Moreover, the trial court did not err in revoking Boles’s probation without conducting a separate revocation hearing. In Connor v. State, 447 So.2d 860 (Ala.Crim.App.1984), this Court held that the revocation of probation following a conviction on the same charges alleged in the petition for revocation did not violate the due-process requirements of Armstrong v. State, 294 Ala. 100, 312 So.2d 620 (1975).
“Armstrong is grounded on Morrissey v. Brewer, 408 U.S. 471, 92 S.Ct. 2593, 33 L.Ed.2d 484 (1972), which held that parole revocation requires ‘an informal hearing structured to assure that the finding of a parole violation will be based on verified facts and that the exercise of discretion will be informed by an accurate knowledge of the parolee’s behavior.’ 408 U.S. at 484, 92 S. Ct at 2601. The principles outlined in Morrissey were applied to probation revocation hearings by Gagnon v. Scarpelli, 411 U.S. 778, 93 S.Ct. 1756, 36 L.Ed.2d 656 (1973).
“Here, we find substantial compliance with Armstrong.
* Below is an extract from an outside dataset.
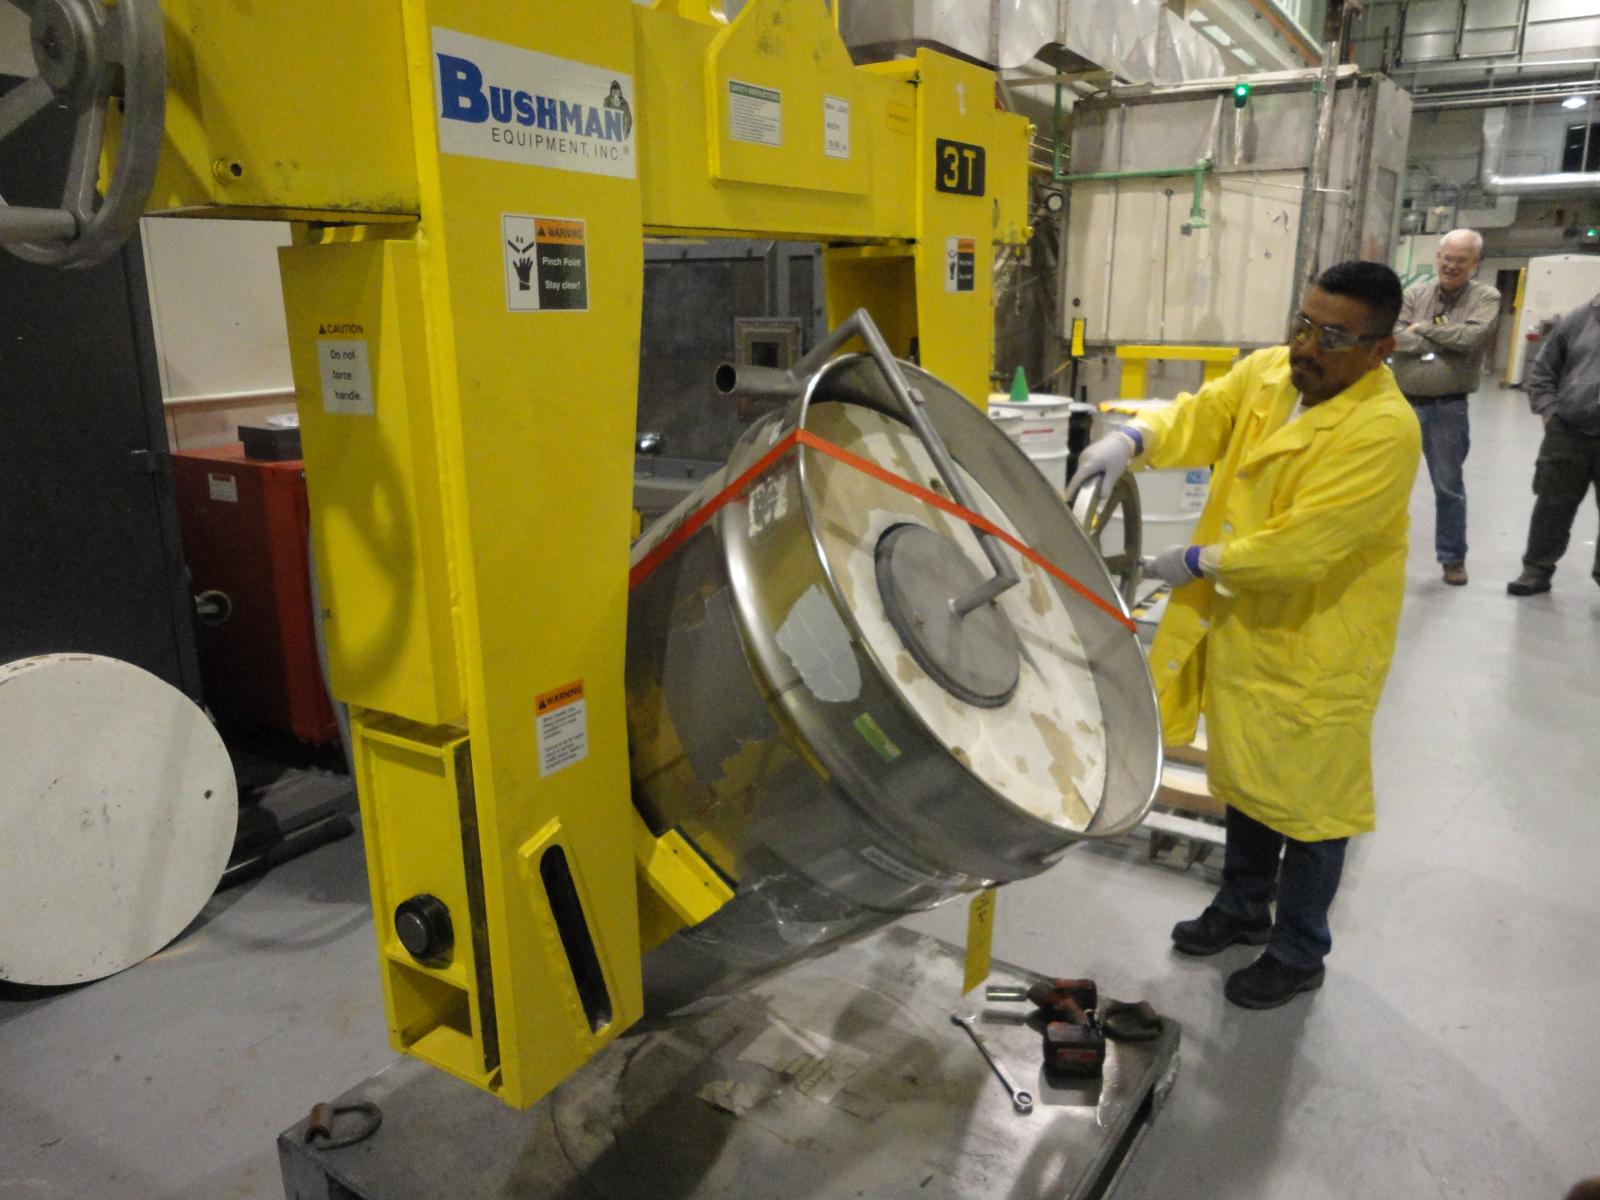 A man in a yellow lab coat uses equipiment to rotate a large metal drum

Instead of having a probation revocation hearing at which the court would not be bound by strict rules of evidence and the State’s evidence need only reasonably satisfy the trial judge, [the appellant] was tried on the indictment for the criminal offense which was the basis of the delinquency report. This was more than due process requires to revoke his probation. ‘(Neither our statute, ... nor the Constitution requires a final conviction of probationer on the offense charged before his probation may be revoked.’ Free v. State, 392 So.2d 857, 859 (Ala.Cr.App.1980), cert. denied, Ex parte Free, 392 So.2d 859 (Ala.1981).
“To remand this case for a revocation hearing would accomplish nothing. It would not provide [the appellant] with any right or opportunity to exercise any right which he has not already had, such as an opportunity to present evidence in mitigation. Under the facts of this case, we find that the manner in which [the appellant’s] probation was revoked did not violate the fundamental fairness guarantees of due process.”
447 So.2d at 862.
Boles also argues that the trial court’s revocation order was insufficient. *137Although raised for the first time on appeal, this claim is among the recognized exceptions to the preservation requirement.1
The trial court’s revocation order states that the evidence relied on and the reasons for revocation are a “verdict of guilty on two counts in CC-03-3077 — marijuana 1st and poss. cocaine.”2 This Court is bound by the Alabama Supreme Court’s holding in Wyatt v. State, 608 So.2d 762, 763 (Ala.1992), which requires the revocation order to contain “a written order setting forth the evidence relied upon and the reason for the revocation.” See also Naves v. State, 816 So.2d 1072 (Ala.Crim.App.2001). In Johnson v. State, 778 So.2d 252, 253 (Ala.Crim.App.2000), the following order was found to be deficient:
“ ‘Defendant with attorney Ed Parish appeared for revocation hearing. Based on Defendant’s new convictions for DUI and Possession of Drug Paraphernalia Defendant probation revoked and sentence put into effect.’ ”
Therefore, pursuant to Wyatt, supra, this case is remanded for the Madison Circuit Court to issue a sufficient order of revocation, including a statement of the evidence relied on and the reasons for revocation. Due return shall be made to this Court within 42 days of the date of this opinion.
REMANDED WITH DIRECTIONS.*
COBB and WISE, JJ., concur.
SHAW, J., concurs in the result, with opinion.
BASCHAB, J., dissents, without opinion.